While such grammar models are easy to understand they cannot cope with large vocabulary applications. It is simply too difficult to write grammars which can provide sufficient coverage. However, one can attempt to capture linguistic knowledge, domain knowledge and any other pertinent information simply by using a statistical approach over a large corpus compiled from material in the domain you wish to understand. {Deshmukh, 1999] takes us through these aspects and, while pointing out that most systems use a tri-gram back-off language model (for reasons of practicality which will be explored later in this essay), explains that various other approaches have been explored including higher order N-grams, long-range dependencies, cache, link and trigger models, class grammars and decision tree clustered language models.
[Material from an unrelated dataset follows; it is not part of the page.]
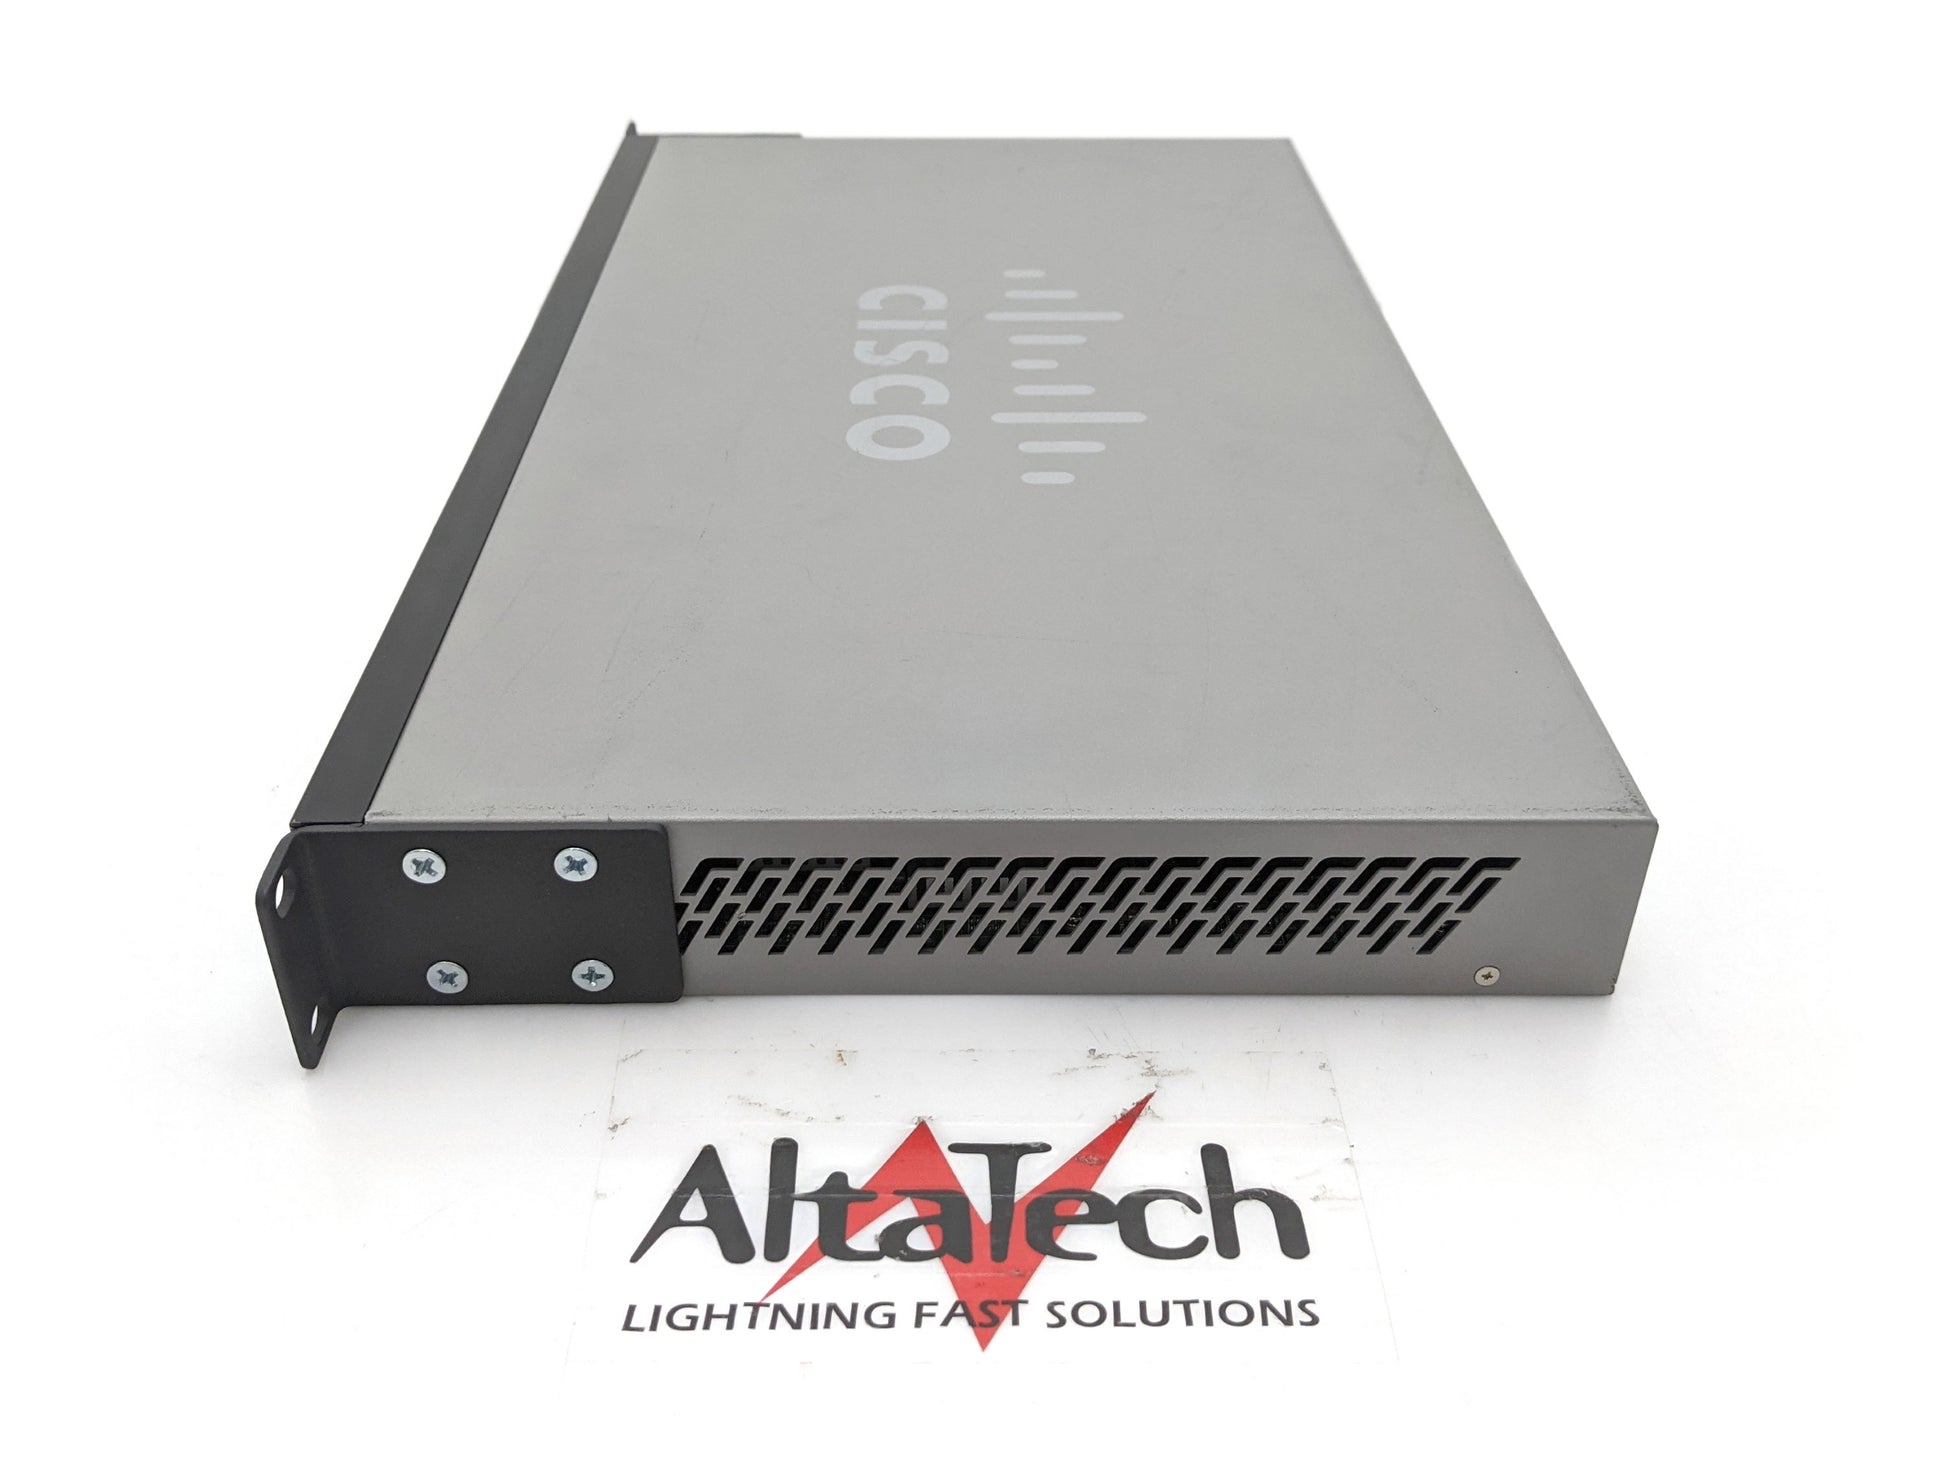 Cisco SG500X-48-K9 48x 1Gbps RJ-45, 4x 10GBE SFP+ Ethernet Switch, Used

Pointers are given to further work on all of these in the penultimate paragraph on page 5 of that paper. .
4 Tri-grams.
It is easy to see that, if you look at the probability of one word following another, you can start to capture the forces that determine why this occurs without having to understand those forces fully. This is a process that can be automated. Of course looking at only adjacent pairs of words does not capture such longer relationships as what sort of arguments are preferred by particular verbs' and ideally one would use 8-grams or 10-grams, predicting the probability of a word following an already known 7 or 9 words. However, while collections of text (called a corpus) are growing, one would require an enormous corpus to find enough examples of these longer runs of words to draw any valid statistical conclusions. This problem is called the sparse data problem and is explored extensively by [Peng, 2001]. .
The sparse data problem has lead to a practical approach using tri-grams but even in a very large corpus like the Brown Corpus* some combinations of words are never even seen.